OpenAI CEO Sam Altman said on May 26, 2026, that widespread white-collar job displacement from AI is unlikely, walking back earlier warnings about mass unemployment. Altman said augmentation, not replacement, has been the dominant pattern so far, though he acknowledged that some roles like customer support may largely disappear.

Sam Altman Says AI Jobs Apocalypse Is Unlikely, Walks Back Earlier Warnings
Source:Reuters

OpenAI CEO Sam Altman said on May 26, 2026, that an AI-driven jobs apocalypse is unlikely, softening earlier warnings he had made about mass unemployment from artificial intelligence.

Speaking publicly, Altman acknowledged he had been wrong about the near-term social and economic impact of the technology. He said human interaction remains essential in many professional roles and limits the full replacement of workers by AI systems.

Altman noted that augmentation, rather than outright substitution, has been the dominant pattern in AI adoption so far.

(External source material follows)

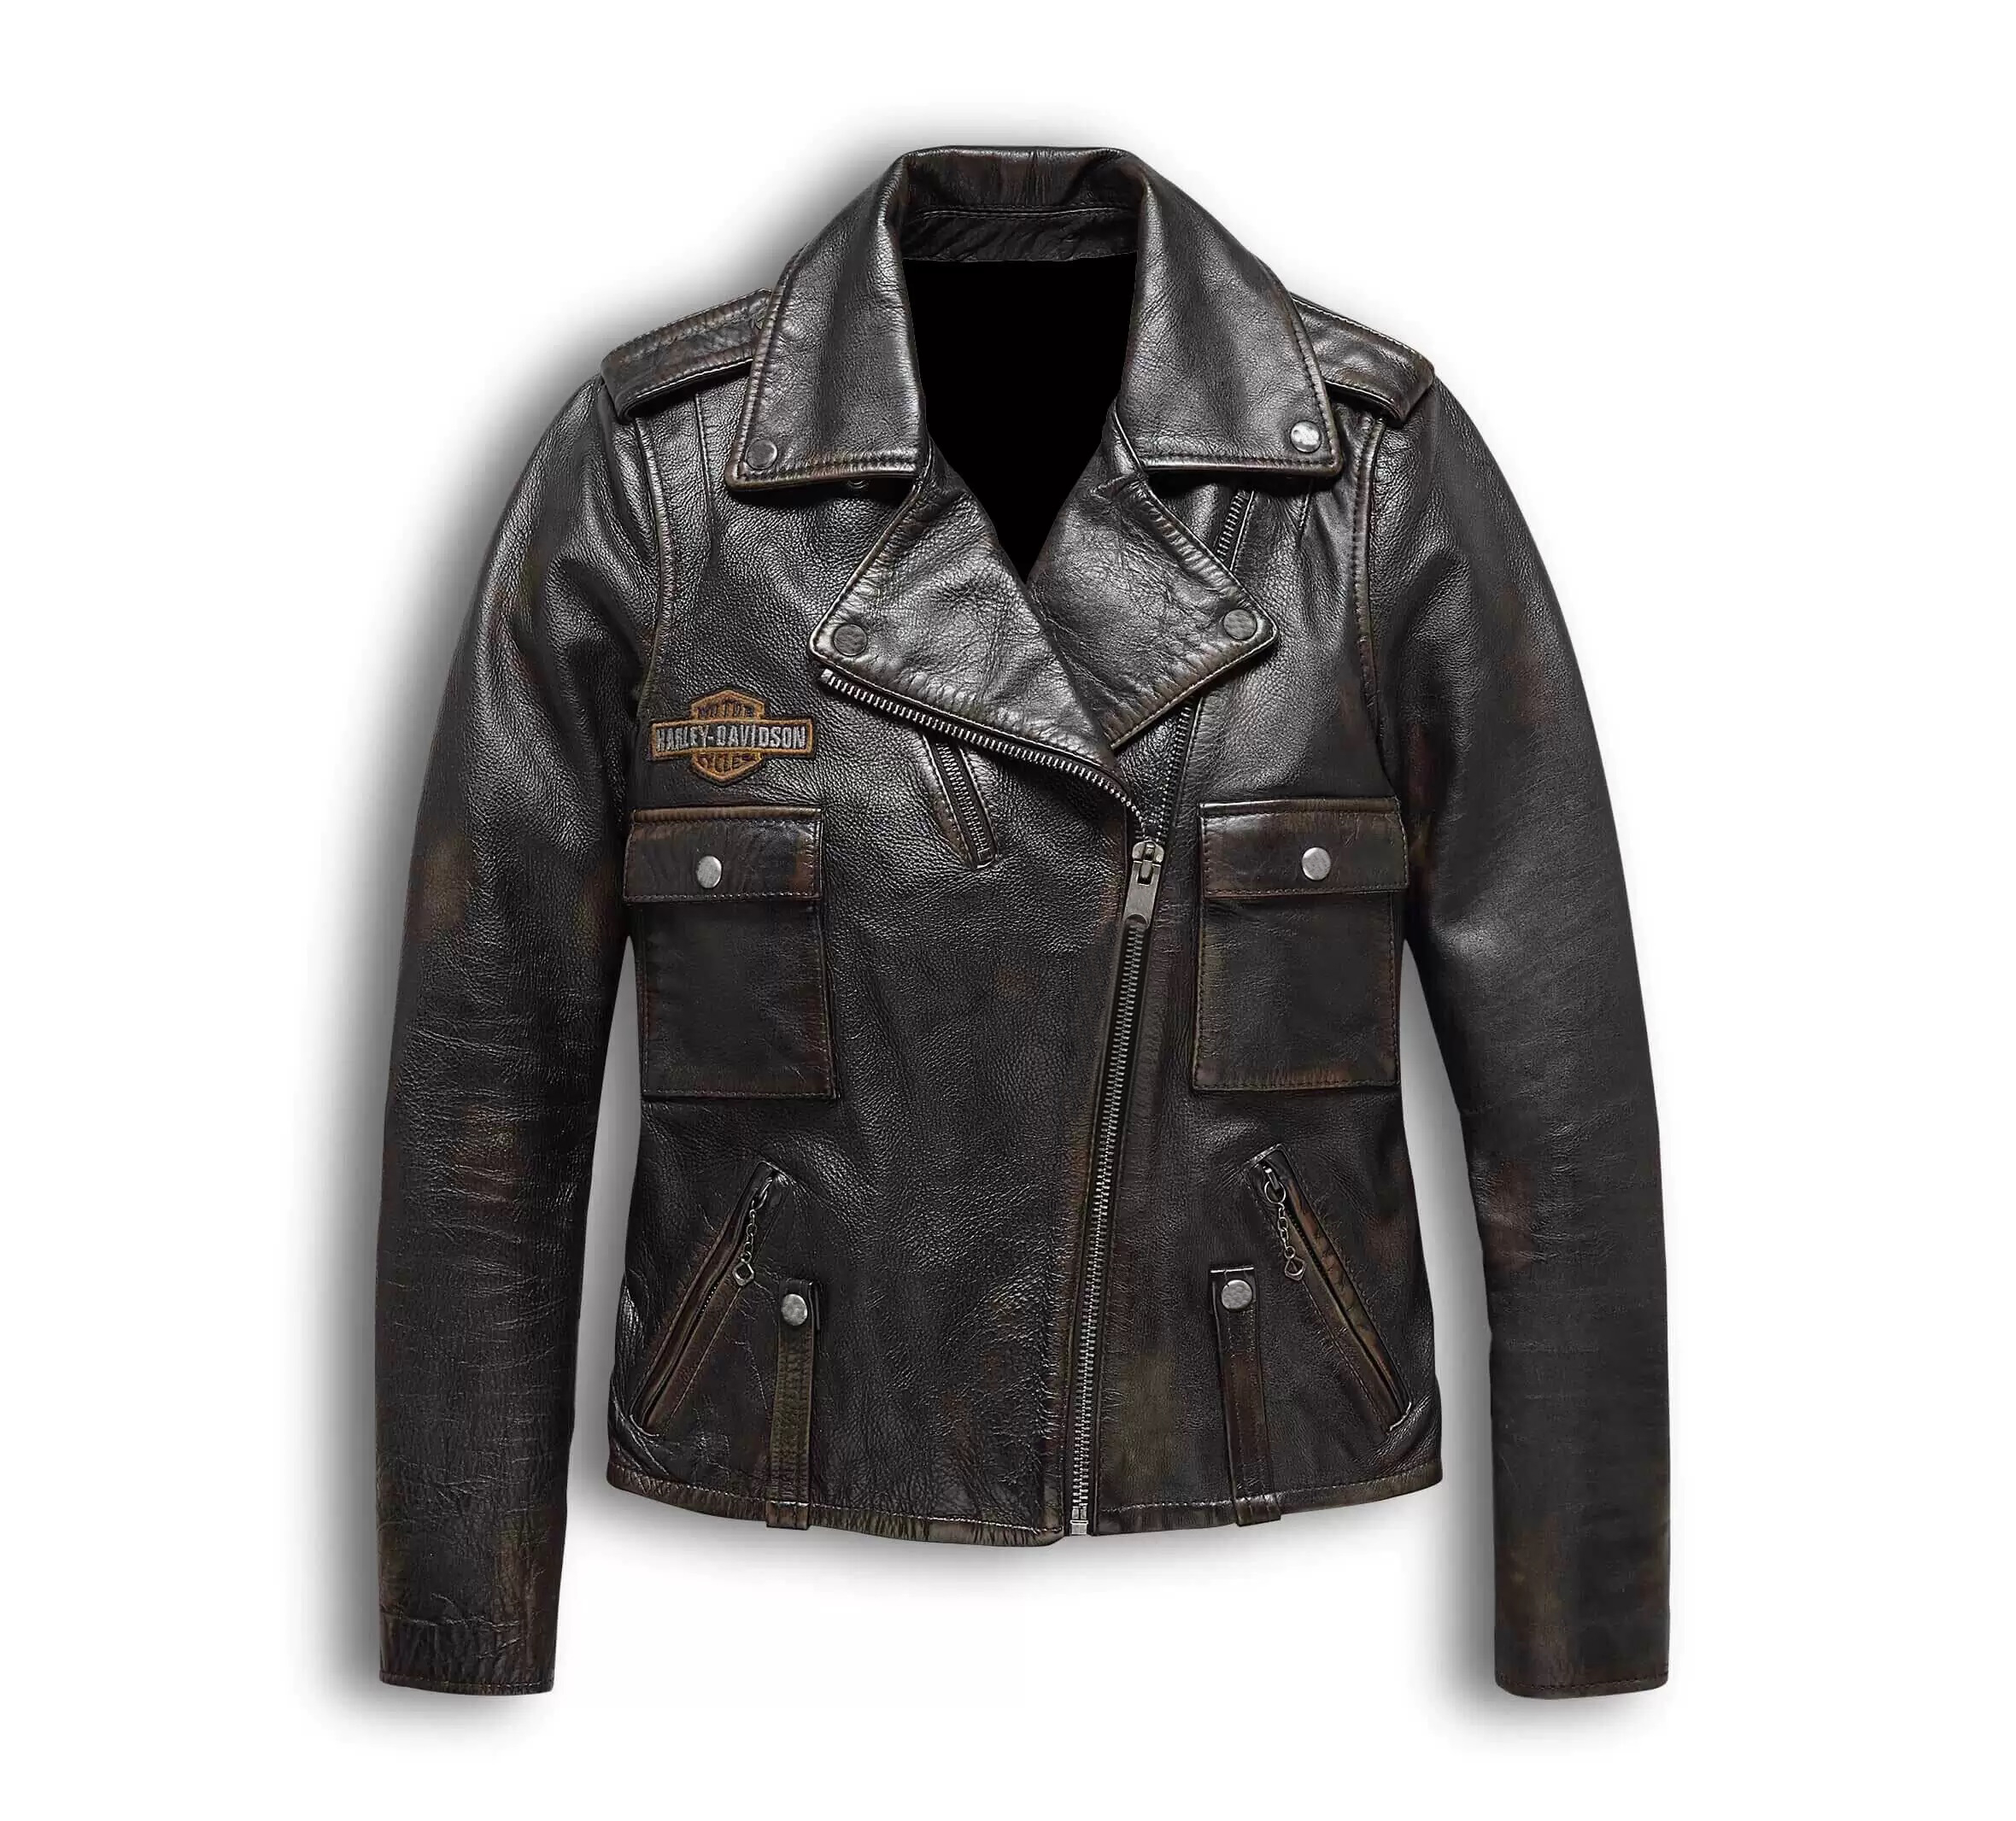 Harley Davidson Eagle Distressed Leather Biker Jacket - Maker of Jacket

He did acknowledge that some categories of work, including customer support, may largely disappear as AI systems become more capable.

The shift in tone reflects growing real-world data on how companies are actually using AI. Rather than replacing entire workforces, most organizations have used AI tools to increase productivity among existing employees, automate specific tasks, and reduce hiring in targeted areas.

Altman's updated view could influence hiring strategies at startups and large technology companies, which have been weighing AI-driven productivity gains against the need for human oversight and creativity.

The remarks come as OpenAI reported approximately $5.7 billion in first-quarter 2026 revenue, boosted by its Codex coding tool, enterprise sales, and early advertising tests on ChatGPT. The company is spending heavily on compute, talent, infrastructure, and model development.

The labor debate around AI has been one of the most politically charged aspects of the technology's rise. Altman's recalibration may ease some regulatory pressure, particularly in the United States, where the Trump administration recently delayed an AI executive order that would have increased federal oversight of advanced models.

Economists and labor researchers say the picture remains uneven. While mass displacement has not materialized at the scale some predicted, specific sectors and job functions are seeing significant disruption, and the pace of change is expected to accelerate as agentic AI systems become more capable.